Читать «Феноменология» онлайн - страница 5

Жан-Франсуа Лиотар

Если продолжать оставаться на уровне математических «объектов», то формалистская аргументация, которая делает из этих объектов конвенциональные концепты, остается в силе. Например, можно показать, что так называемые существенные свойства математического объекта на самом деле выводятся из аксиом. Расширяет ли также Гуссерль, начиная с второго тома Логических исследований, свою теорию сущности для того, чтобы ее переместить на любимую почву эмпиризма — ощущение? Когда мы говорим «стена желтая», то включаем ли мы сущности в это суждение? Например, цвет, может ли он быть постигнут независимым образом на поверхности, на которой он «помещен»? Нет, поскольку цвет, отделенный от пространства, где он дается, был бы немыслим. Ибо если «варьируя» посредством воображения цветной объект, мы из него извлечем его предикат «пространственный», то мы упраздним возможность само, о цветного объекта и придем к сознанию невозможности. Именно здесь раскрывается сущность. Следовательно, в суждениях есть предел для нашей фантазии, который зафиксирован в нас самими вещами, о которых мы судим, а сама Phantasia обнаруживается благодаря приему варьирования.

Прием воображаемого варьирования дает нам саму сущность, бытие объекта. Объект (Objekt) есть «любая некая вещь», например число два, нота до, круг, любое суждение, чувственная данность (Ideen I). Объектом можно «варьировать» произвольным образом, подчиняясь только действительной очевидности и переживанию типа я могу и я не могу. Сущность, или эйдос, объекта конституируется инвариантой, которая пребывает тождественной во всех вариациях.

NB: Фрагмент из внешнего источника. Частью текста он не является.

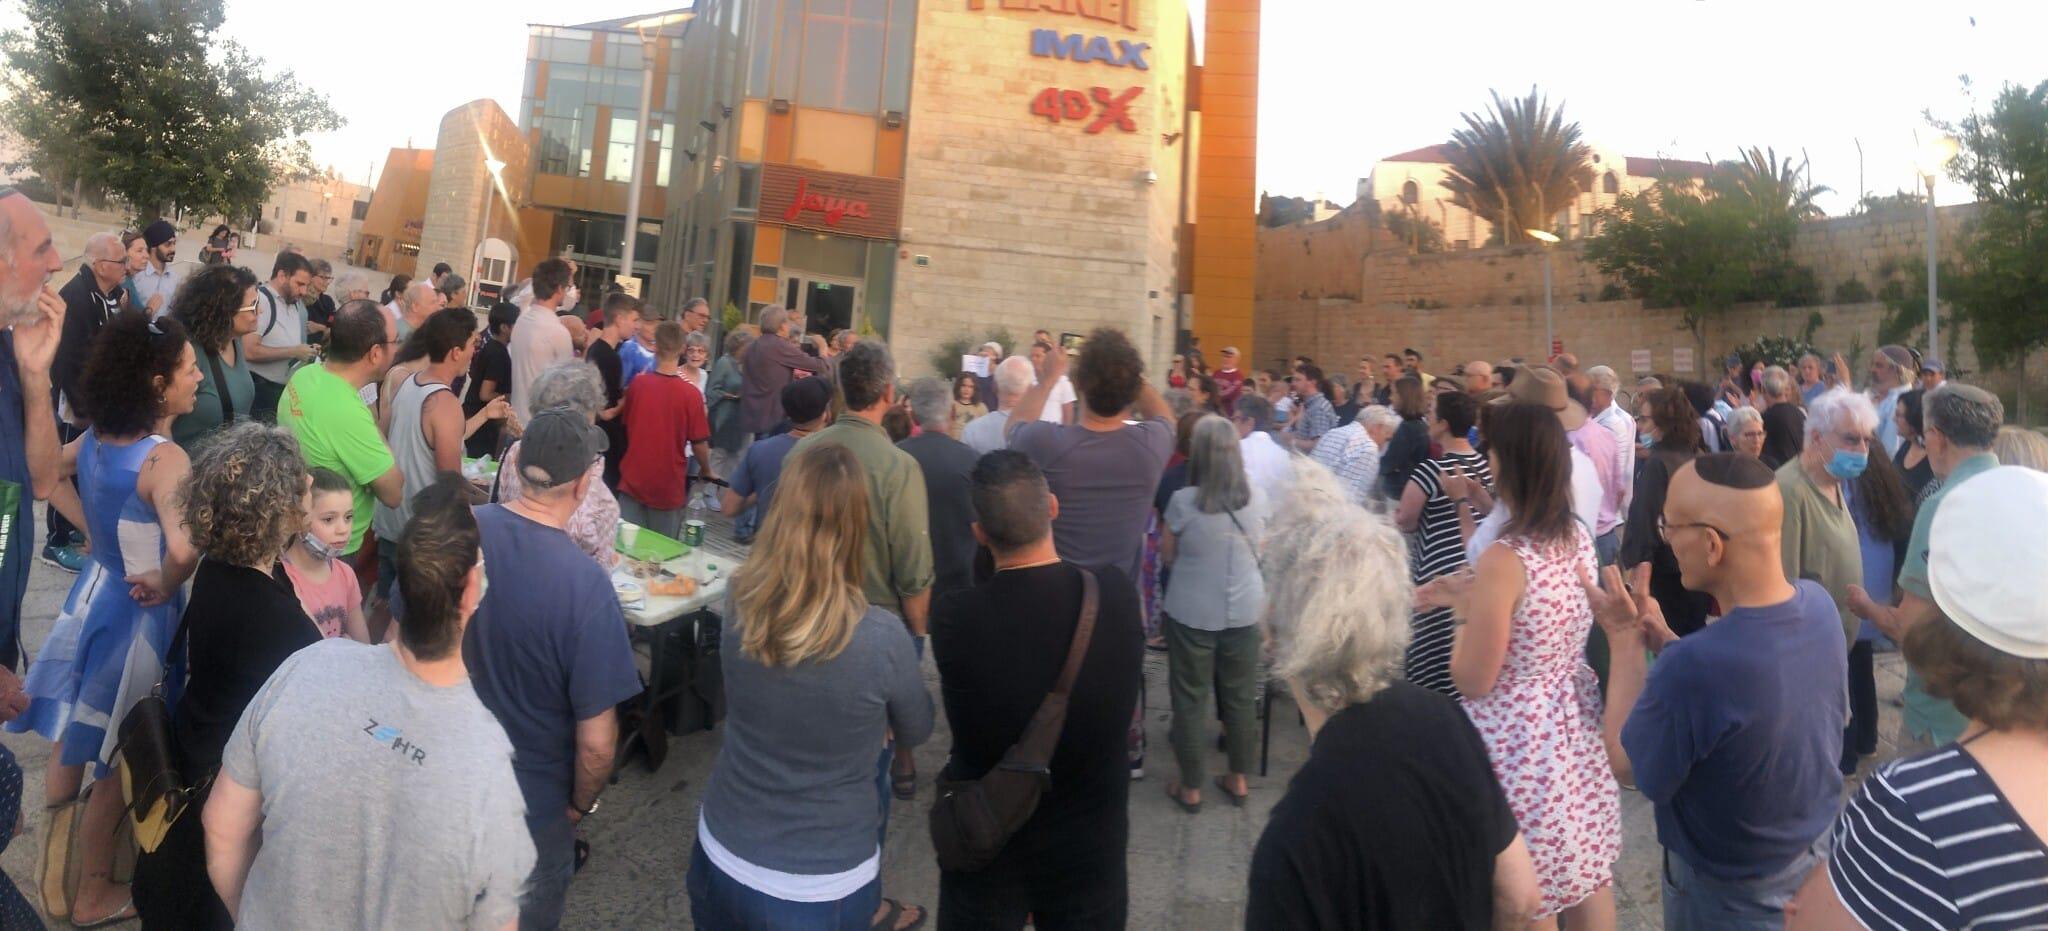 תושבים יהודים מאבו תור והשכונות הסמוכות התאספו ברחבת קולנוע יס פלאנט באבו תור, ירושלים, כדי להביע עמדה נגד האלימות ובעד סולידריות, 20 במאי 2021 (צילום: סו סורקיס)

Таким образом, если производят варьирование с объектом чувственной вещи, то получается само бытие вещи: пространственно-временная совокупность, лишенная вторичных качеств, положенная как субстанция и каузальное единство. Сущность, следовательно, испытывается в переживаемой интуиции; «узрение сущности» (Wesenschau) ни коей мере не обладает метафизическим характером, а теория сущностей не вставляется в платонический реализм, где утверждалось бы существование сущности; сущность есть только то, в чем «сама вещь» мне раскрывается в первичном дарении.

Речь шла о том, чего хотел эмпиризм, о возвращение к «самим вещам» (zu Sachen selbst), об упразднение любого метафизического выбора. Но эмпиризм оставался еще метафизическим, пока он смешивал это требование возврата к самим вещам с требованием фундирования любого познания в опыте, считая за неоспоримое достижение положение, что только опыт дает сами вещи: существует эмпирический, прагматистский предрассудок. В действительности, предельный источник права любого рационального утверждения находится в «видении» (Sehen) вообще, т. е. в первичном дарующем сознании (Ideen). Мы ничего не должны предполагать, говорит Гуссерль, «даже понятие философии». И когда психологизм хочет отождествить эйдос, достигаемый посредством варьирования, с понятием, генезис которого психологичен или эмпиричен, то мы можем ему ответить только, что он этим высказывает гораздо больше, чем об этом знает, если желает удержать первичную интуицию, которая претендует на его закон: число два как понятие может быть сконструировано, исходя из опыта. Но когда я достигают это число посредством варьирования, то я говорю, что этот эйдос «предшествует» любой теории конструирования числа, а доказательством этому является любая генетическая экспликация, всегда опирающаяся на действительное знание «некоторой вещи», которую генезис должен эксплицировать. Эмпирическая интерпретация образования числа два предполагает первичное постижение этого числа. Это постижение есть, следовательно, условие для всей эмпирической науки, а эйдос, который она нам раскрывает, есть лишь чистая возможность. Но ведь есть нечто, предшествующее этой возможности в реальности, которой занимается эмпирическая наука.